[rrd-users] Question about RRDTool ..
Jean-Yves Avenard
jyavenard at gmail.com
Thu Mar 20 12:20:36 CET 2008
Hi
On Thu, Mar 20, 2008 at 6:59 PM, Simon Hobson <linux at thehobsons.co.uk> wrote:
> 1205974800 is not a multiple of your interval period, therefore
> normalisation WILL be done on the data and you will NOT get out
> exactly the same values you put in. Go to the rrd website and look up
> the tutorial on normalisation.
Thank you for this.
Is there a way to retrieve that value for a given interval ?
I do not want to consider the data entered to be entered for a given
time, but for the whole period/interval.
>
> Your graph will stop at the last completed sample period. According
> to your mail headers, you are in timezone +11, so 11am is a multiple
> of 3 hours UTC. As your later email shows, when another 3 hour sample
Ha ! that makes sense ....
I guess you being in the UK you must like that behaviour :) but I don't !
I had selected 3 hours as a period and was running my cron at
midnight, 3am, 6am etc... in the belief that it would make my period
selected fit perfectly.
I'm rather disappointed with the current behaviour.
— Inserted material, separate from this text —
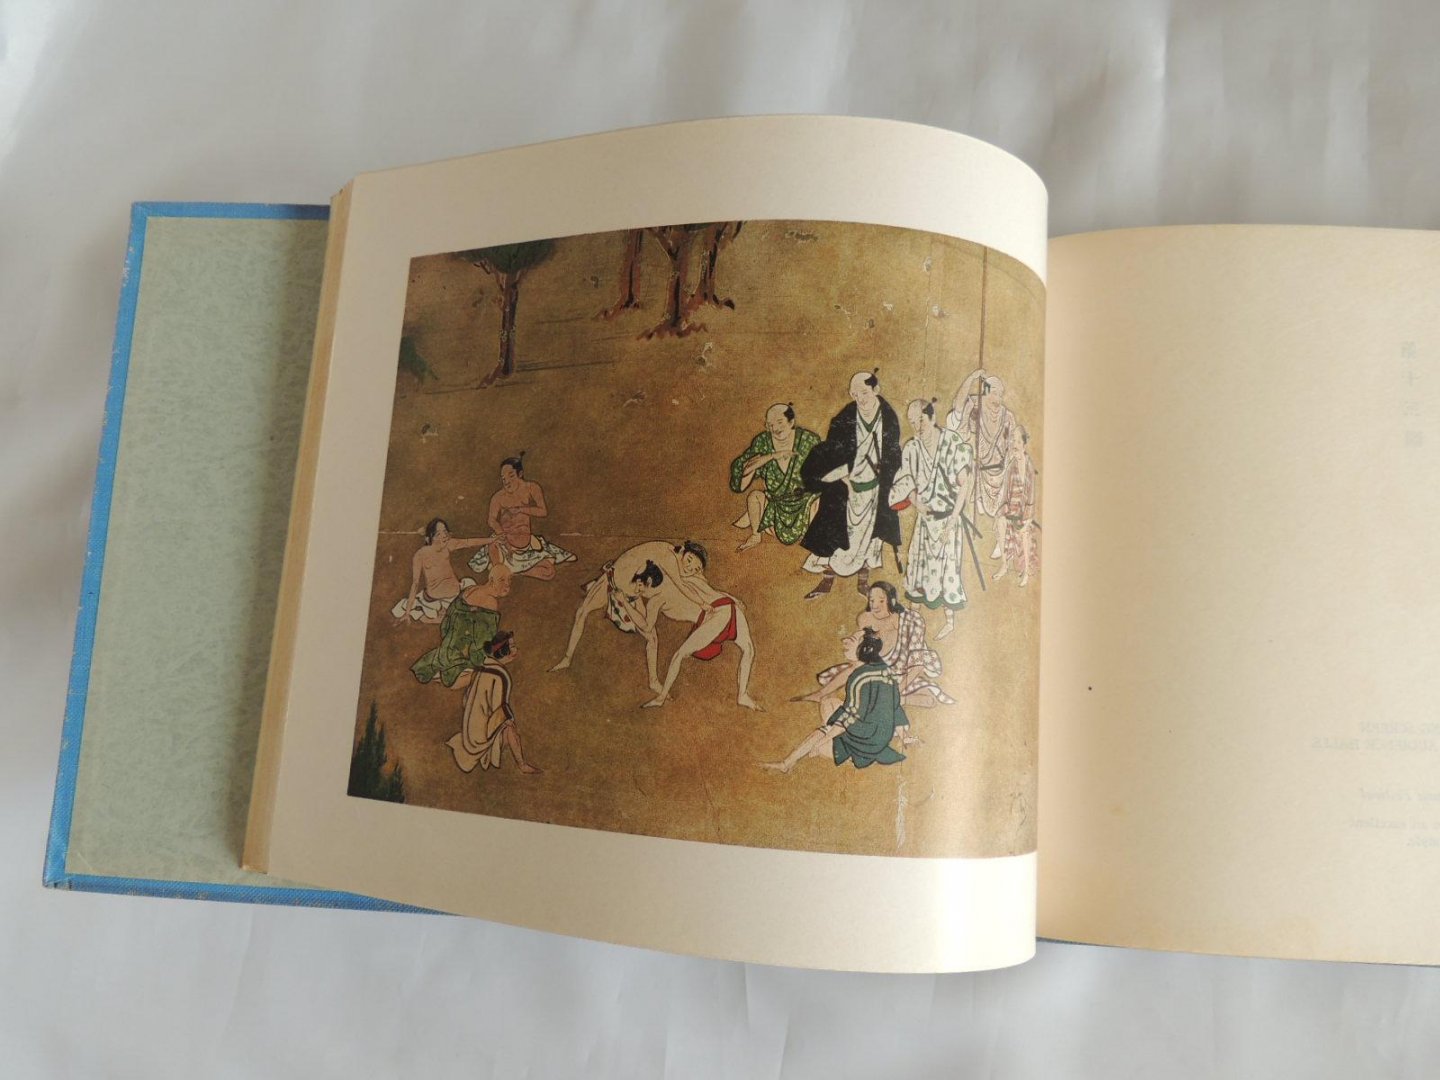  - An Art Album of the Nagoya Castle

While doing normalisation makes sense if you want to collect data such
as traffic on an interface , when collecting discrete value it doesn't
make sense.
I would have preferred if it consider the data entered to be the value
for the interval define by the period. And if you try to retrieve the
value within an interval it gives you the exact same data as it was
entered.
Is there a way to prevent normalisation ?
> Lastly, it's a good idea to explicitly round your graph end time to
> be exactly on the end of a step boundary, and your start time to be
> exactly an integer number of steps before the end. Under some
> circumstances, rrdtool will choose a lower resolution of data for
> plotting if it fills more of the graph.
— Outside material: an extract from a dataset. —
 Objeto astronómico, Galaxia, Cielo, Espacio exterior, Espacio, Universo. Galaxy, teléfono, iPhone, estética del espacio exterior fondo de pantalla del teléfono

Thanks for the recommendation, now I just need to find out how to
round my graph end time to be the value I last entered.
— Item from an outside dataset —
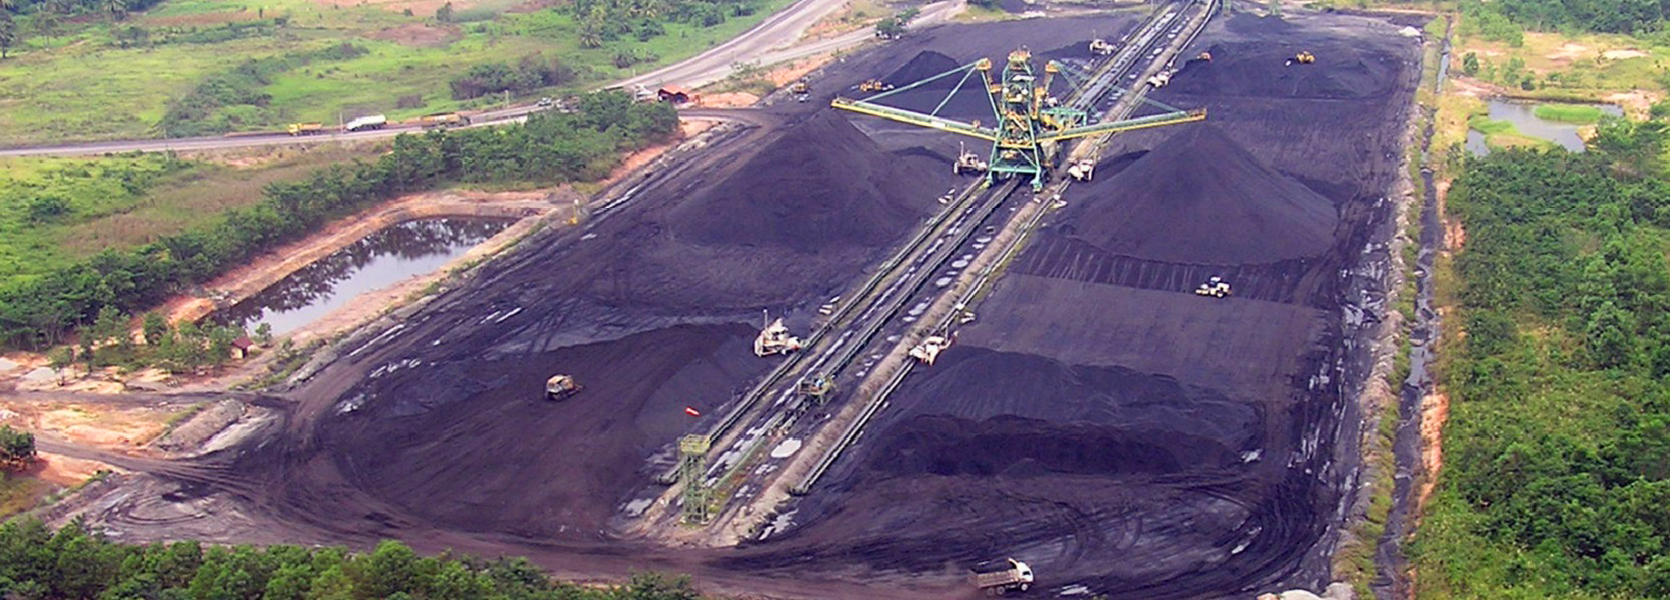 Image: Bontang Coal Mine: New materials handling system

> Lastly, you are missing the point of rrds consolidation functions
> here. Normally, the issue is that you don't want the storage overhead
> of storing high resolution data over a long period - hence you would
> store high res data for only a few days, medium res data for a few
Ok.. I did misunderstood how the value are stored.
My aim is to store all the data for a full year so I can do further
work on it at a leter stage.
I liked the idea of a database collecting a full bunch of data and
allowing me to do basic statistics functions on it including
generating graph easily.
> weeks, and low res data for a year or two. In this case, you are
> storing your highest resolution data for a full year - so there is
> little point storing the other rras.
Ok, my understanding was at follow (and that's also what the RRD
tutorials were doing: keep the full data for a long time).
1-I keep all the data, because this is precisely what I want. And RRD
is much easier to setup than a mysql database
2-the various RRAs are used to pre-calculate the most common data I'm
going to use. As soon as I enter a new data, the various RRAs are
calculated to speed up the retrieval at a later stage.
>
> You do NOT have to store the 3 hours data for the full year in order
> to have the other consolidations available.
I *DO* want to store all the data :)
but not to do the other consolidations performed by RRD... I just want
to keep them because I like keeping the full history.
>
> The only gain you get here is that by carefully selecting your
> graphing periods/sizes, you can avoid query-time consolidation of the
> data and improve graphing speeds. Since you aren't even specifying
> start and end times, you certainly aren't taking advantage of this
> optimisation.
I see. So it's only used to save time when retrieving the data or
drawing graph....
Well, my original aim was to keep record of all the data for a full year.
I guess RRD is slightly overkill for what I want to do.
Now, I need to find a way to prevent that consolidation from
happening. I'm collecting discrete value. Doing normalisation doesn't
make any sense for the kind of data I'm collecting.